Someone who goes by “No Context French” told me they got their Macron photos from Midjourney. They told me that anyone could “zoom in and read the comments to determine that these photographs are not real” when I asked why they didn’t designate the images as phony.
AI Photos Taking Over Your Social Feed
They didn’t back down when I said some individuals had been fooled by the pictures. They told me, “We know that these photographs are not real because of all these imperfections,” and then they sent me enlarged screenshots of the digital flaws. They didn’t answer my question concerning the small percentage of people who don’t bother to read the fine print, especially on a mobile phone’s screen.
On Monday, Eliot Higgins, co-founder of the investigative journalism group Bellingcat, played off widespread hopes for Trump’s arrest by tweeting phony photographs he’d made of Trump being arrested. More than 5 million people viewed the photographs without any identification. Higgins later claimed that he was no longer allowed to use Midjourney.

Twitter detectives may be able to spot the distorted hands and distorted faces of AI-generated photos, but many regular users are still fooled. WhatsApp users in Brazil were inundated with false information about the legitimacy of their presidential election last October, prompting many to riot in support of ex-president Jair Bolsonaro, who ultimately lost the election.

When an image is shared on a small screen at the height of the news cycle by someone you trust, it is much more difficult to spot flaws and fakery. As a fully encrypted messaging app, WhatsApp has limited ability to prevent the spread of false information, such as photos that are shared endlessly among friends, families, and groups.

Although Higgins and “No Context French” was only trying to pull a prank, the widespread extent to which their posts were believed to be genuine highlights a serious threat to the future of social media and, by extension, to society at large.

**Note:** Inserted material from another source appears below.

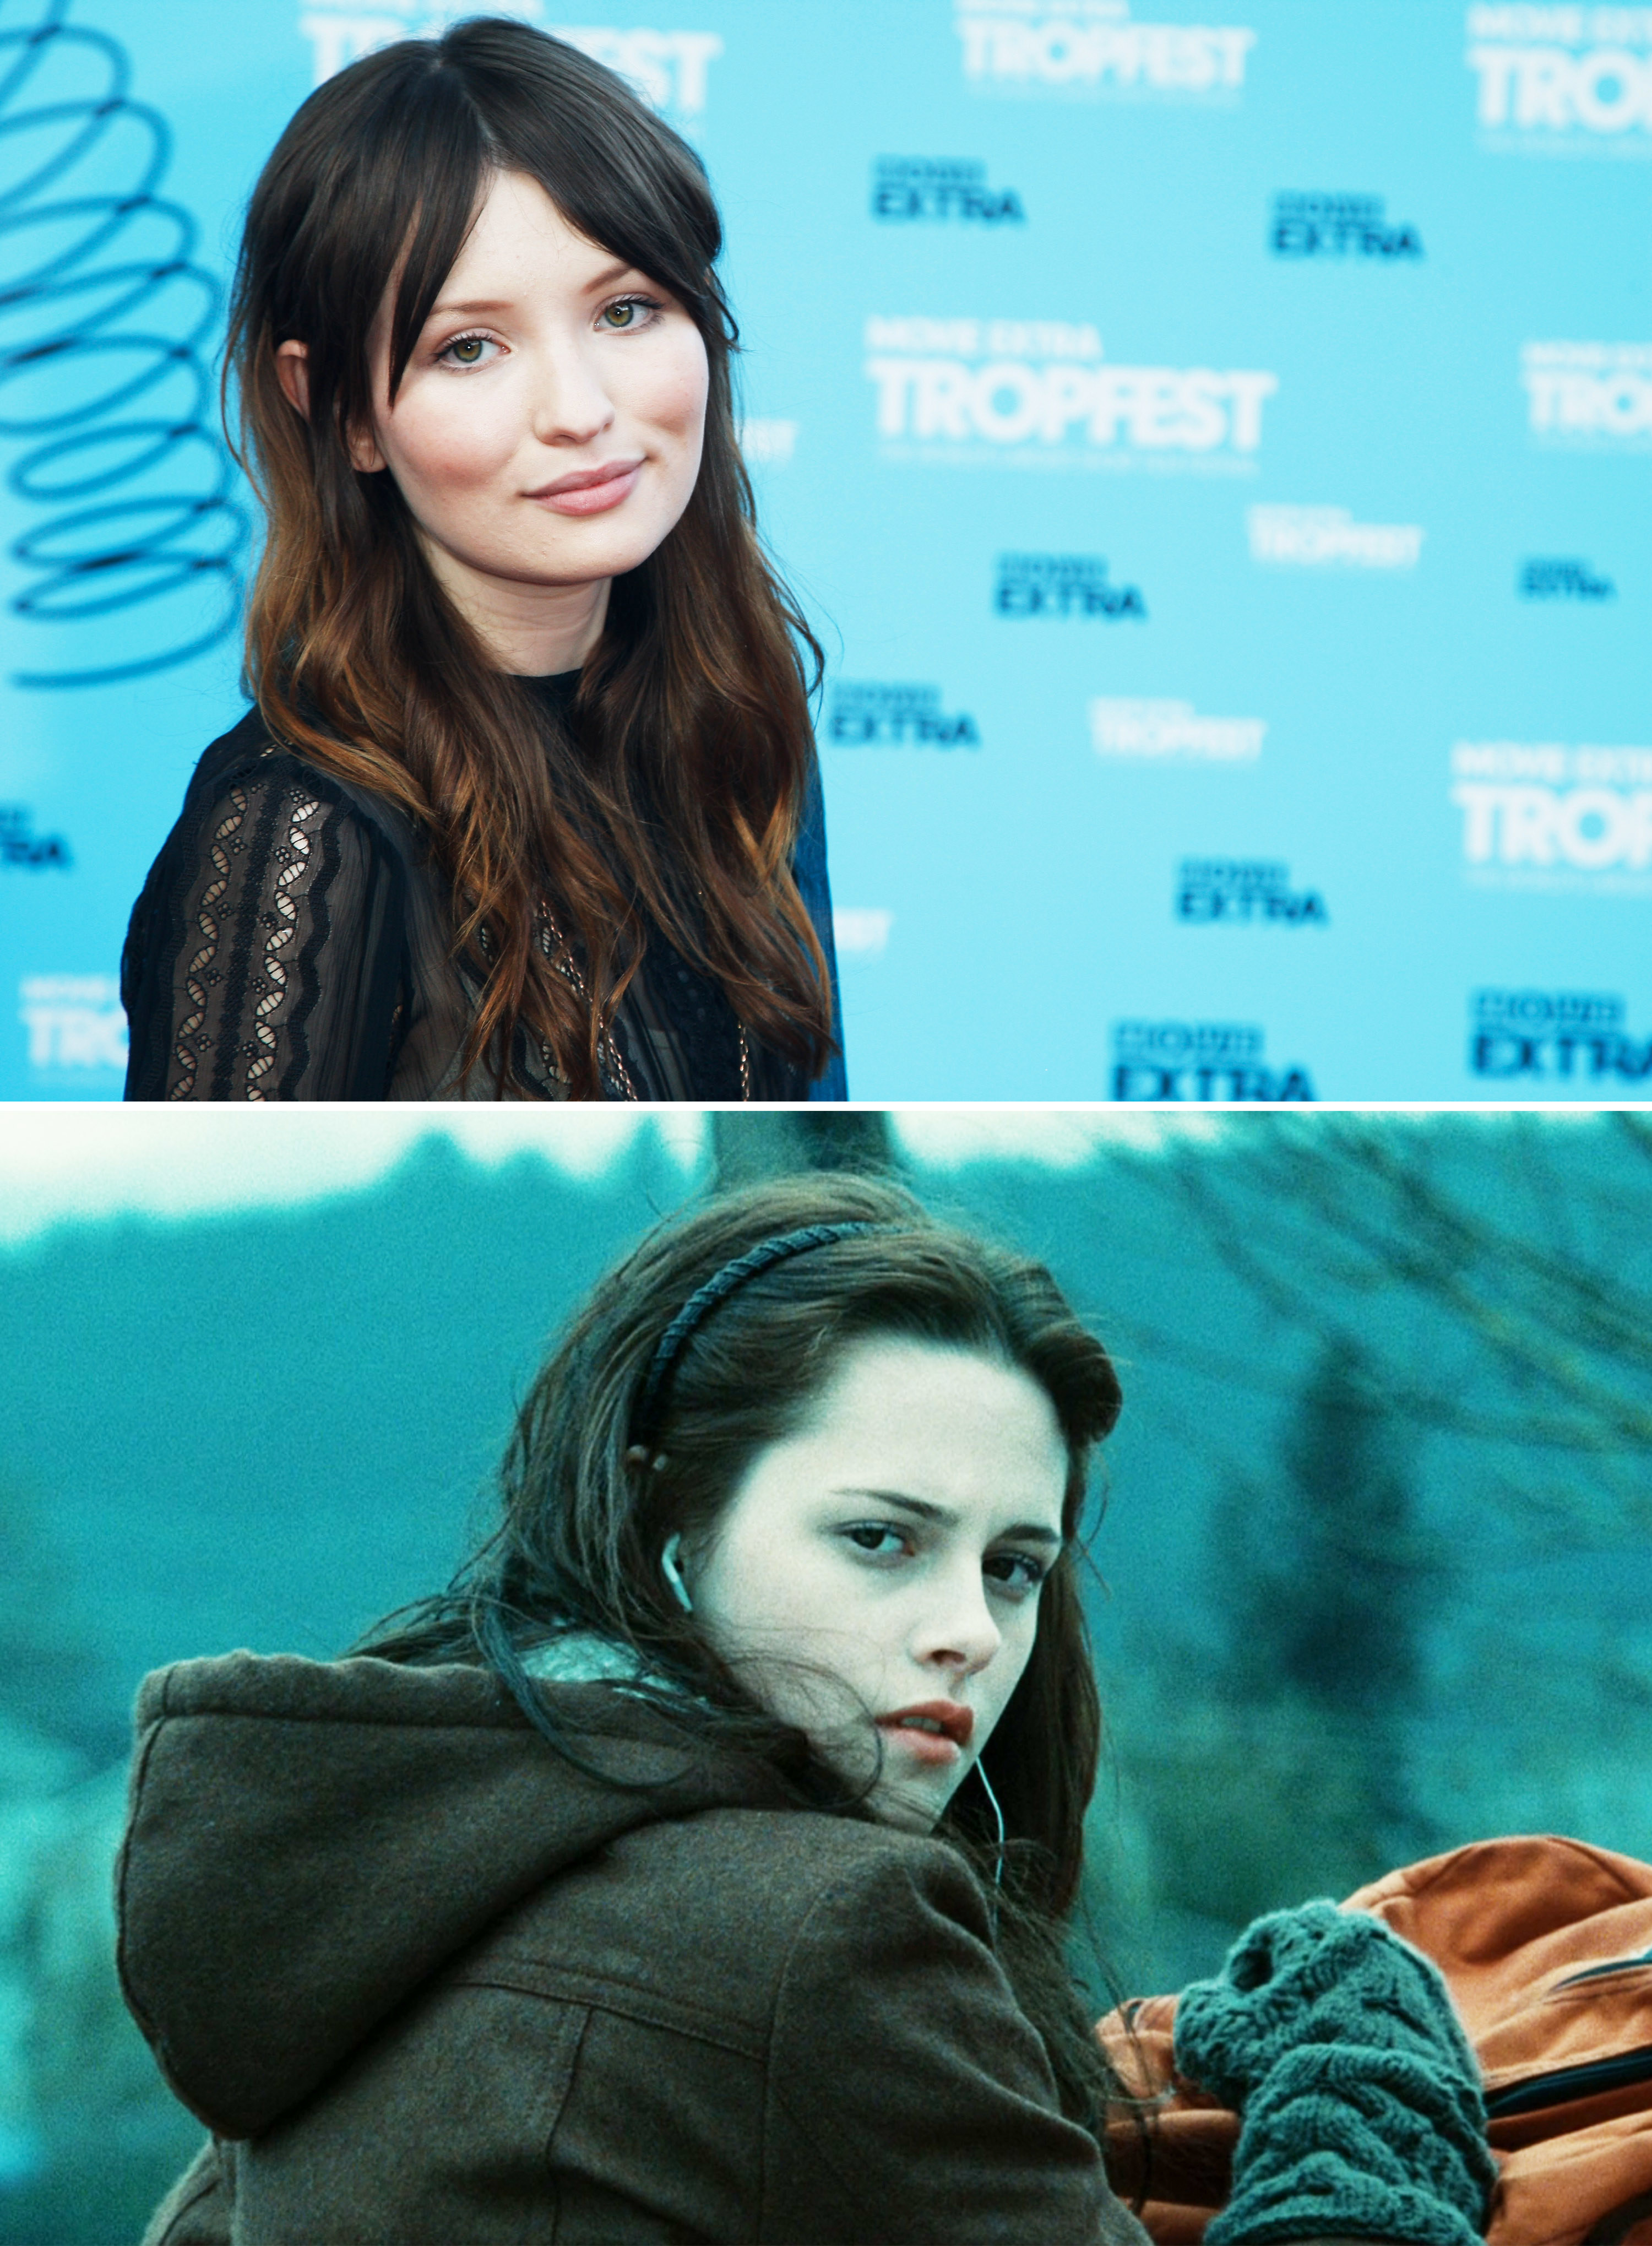 A close-up of Emily Browning above a shot of Kristen Stewart as Bella in Twilight

On Tuesday, TikTok revised its terms of service to prohibit artificial intelligence-generated content that is misleading. 2 The most recent version of Twitter’s policy on artificial media states that users should not distribute deceptive images and that the company “may label tweets containing misleading media.” Twitter’s new auto reply for the media is the poop emoji, which I received when I questioned the Elon Musk-led firm why it hadn’t labeled the bogus Trump and Macron images as they went viral.

Those that promoted the Trump photos as authentic with clickbait hashtags like “BREAKING” have been reported to Twitter’s Community Notes, a feature that allows users to provide background information about specific tweets. But, with Musk at the helm, Twitter has become increasingly permissive of content, which means false photos may do particularly well there.

Although Meta Platforms Inc. promised in 2020 that it will eliminate all AI-generated media designed to deceive consumers, as of Wednesday, at least one “Trump arrest” image shared by a Facebook user as true news had not been removed. 4 Meta did not provide any commentary after being asked.

With the proliferation of generative AI technologies like Midjourney and ChatGPT, it will become increasingly difficult for the general public to tell fiction from fact. Last year, the founder of one of these AI tools informed me that the solution to this problem was straightforward: we just need to make some changes.

Already, I find myself wondering whether or not the true photographs of politicians I see on social media are authentic. Many of us will become skeptics because of AI tools. They might lead the charge in spreading false information among the more impressionable members of society.